Femme enceinte : pourquoi déteste-t-elle son mari pendant la grossesse ?

34% des femmes enceintes déclarent s’être, à un moment ou à un autre, senties submergées par une hostilité irrationnelle envers leur conjoint. Ce chiffre n’est ni anecdotique ni marginal : il dit quelque chose de la violence silencieuse qui peut surgir là où l’on attend le plus d’harmonie. Les tensions, loin de saboter la préparation à l’arrivée d’un enfant, s’invitent dans le quotidien de nombreux couples, parfois sans prévenir.

Les bouleversements hormonaux, les attentes qui se télescopent, les peurs enfouies : tout cela façonne une expérience partagée par bien plus de futurs parents qu’on ne l’imagine. Qu’importe que le couple ait toujours semblé solide : la grossesse remet tout en jeu, redistribue les rôles, secoue les certitudes. Difficile d’y échapper, et inutile de culpabiliser : ce passage à vide concerne autant les amoureux fusionnels que les duos plus discrets.

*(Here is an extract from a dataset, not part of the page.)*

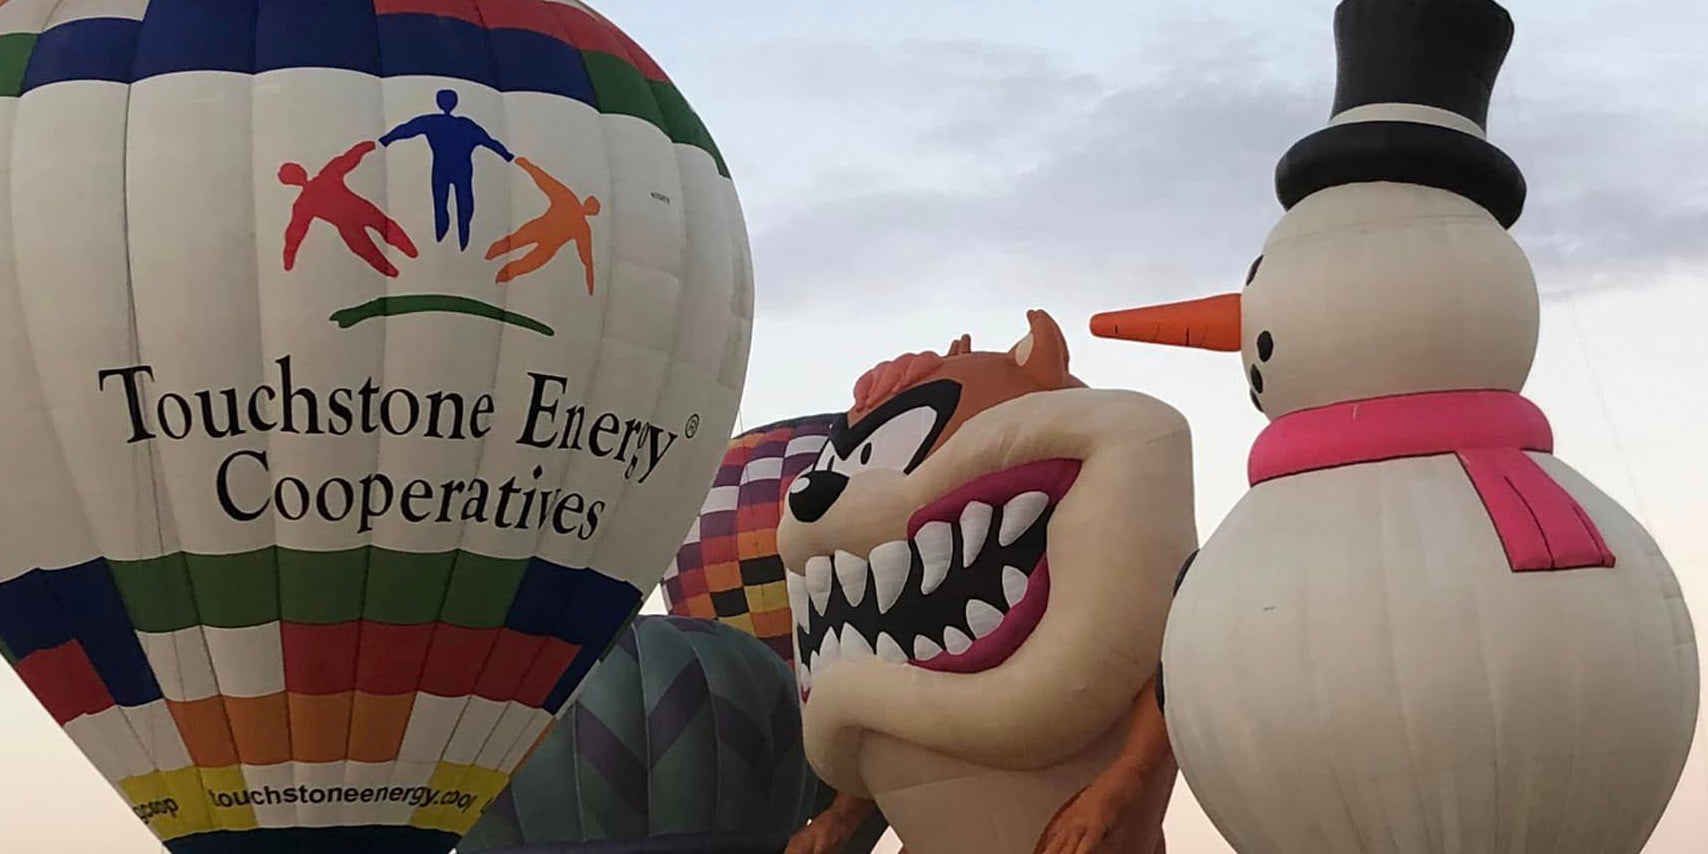 Hot Air Balloon Characters

Quand la grossesse bouleverse l’équilibre du couple

Impossible d’ignorer l’effet tremblement de terre que provoque la grossesse dans la vie à deux. Les repères se déplacent, les règles du jeu changent, parfois dans la douleur. Bouleversements hormonaux, corps qui se transforme, projection vers l’inconnu de la parentalité : tout s’imbrique, et la tension grimpe. La perception du partenaire évolue, souvent sans prévenir. Chez les Bédouins Ghrib, la famille entière s’active autour de la femme enceinte : la grossesse n’est jamais une histoire privée, c’est l’affaire de tous, du clan, de la communauté.

Face à ce chamboulement, le mari avance à tâtons. Son rôle vacille entre vouloir soutenir et ne pas savoir comment, entre maladresse et bienveillance. La grossesse, ce n’est pas une promesse de sérénité : la joie de devenir parent s’accompagne d’inquiétudes, de doutes, parfois d’un sentiment d’impuissance. L’épouse, elle, peut soudain voir son compagnon sous un nouveau jour : l’agacement émerge, l’irritation couve, et parfois l’hostilité pointe. Ce glissement tient à la nécessité de se recentrer, de protéger son espace et celui du bébé à venir.

Dans certaines cultures, la maternité élève la femme, mais l’attente d’un enfant devient une pression : la stérilité fait planer une menace sur l’équilibre du couple. Pour conjurer le sort, on multiplie les rituels : porter un h’irz, s’immerger dans des bains d’herbes, chercher à sécuriser la grossesse au-delà du rationnel. Le couple, lui, doit composer avec ces attentes parfois contradictoires, sur fond d’épreuve émotionnelle.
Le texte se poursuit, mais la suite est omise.